I gave him a puzzled look when his dark gaze returned to me.

“Well, you see,” he said. “I know that machines have always had spirits, but I look at you and see that now they're making babies, too.”

I suppose that was one way of putting it.

“That's why we're here,” William said. “We're looking for some advice on how to turn down her shine.”

Robert pulled his guitar down onto his lap and began to pluck a melody on its strings, playing so soft, you'd have to strain to hear it. But the odd thing was, while I couldn't hear them clearly, I could
feel
those notes, resonating deep down inside me.

“Turn down your shine,” he said.

I nodded. “It makes it hard to fit in.”

“You should try being black,” he said.

He improvised softly around a minor chord, waking an eerie feeling in the nape of my neck.

“I know it's not the same thing,” I started, but his smile stopped me.

“We all know that,” he said. “Don't worry. I'm not about to go all Black Panther on you.”

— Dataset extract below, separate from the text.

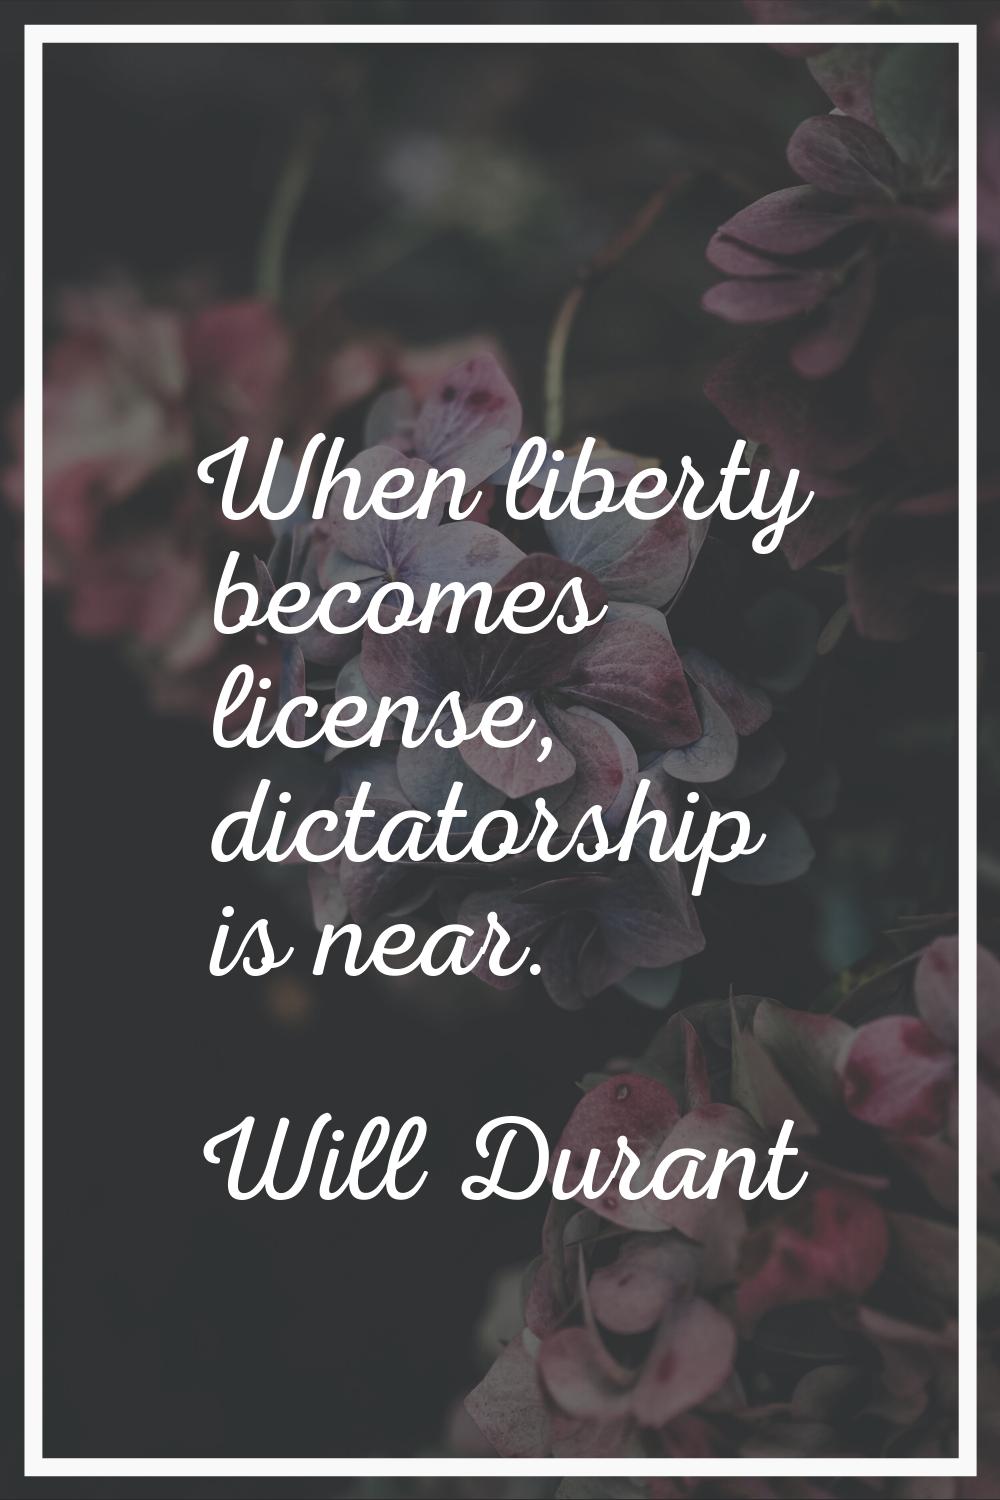 When liberty becomes license, dictatorship is near.

His fingers did a funny little crab-walk up the neck of the guitar that took away the strange feeling the minor chord had called up.

“So can you help her?” William asked.

Robert smiled. “Turn down a shine? Sure.” He looked at me. “That's an easy one. You've just got to stop being so aware of it yourself, that's all. Have you got any hard questions?”

“But…that's it?”

“Pretty much. Oh, it won't happen overnight, but if you can stop yourself from remembering, or believing, or what it is that you're doing inside that head of yours, soon enough everybody else will be seeing it your way, too. It'll be like you'll all start to agree that this is the way things are. Or should be.”

“Making a consensual reality,” William said. “Like the professor's always talking about.”

Robert nodded. “Of course, you've got to ask yourself,” he said to me, “why would you want to turn down a shine?”

Now it was my turn to smile.

“I've already been through that with William,” I said. “Like I told him, I want the option of fitting in if I want to.”

“Curious, isn't it?” Robert said. “All the magic people want to be normal, and all the normal people want magic. Nobody ever wants what they've already got and that's the story of the world.”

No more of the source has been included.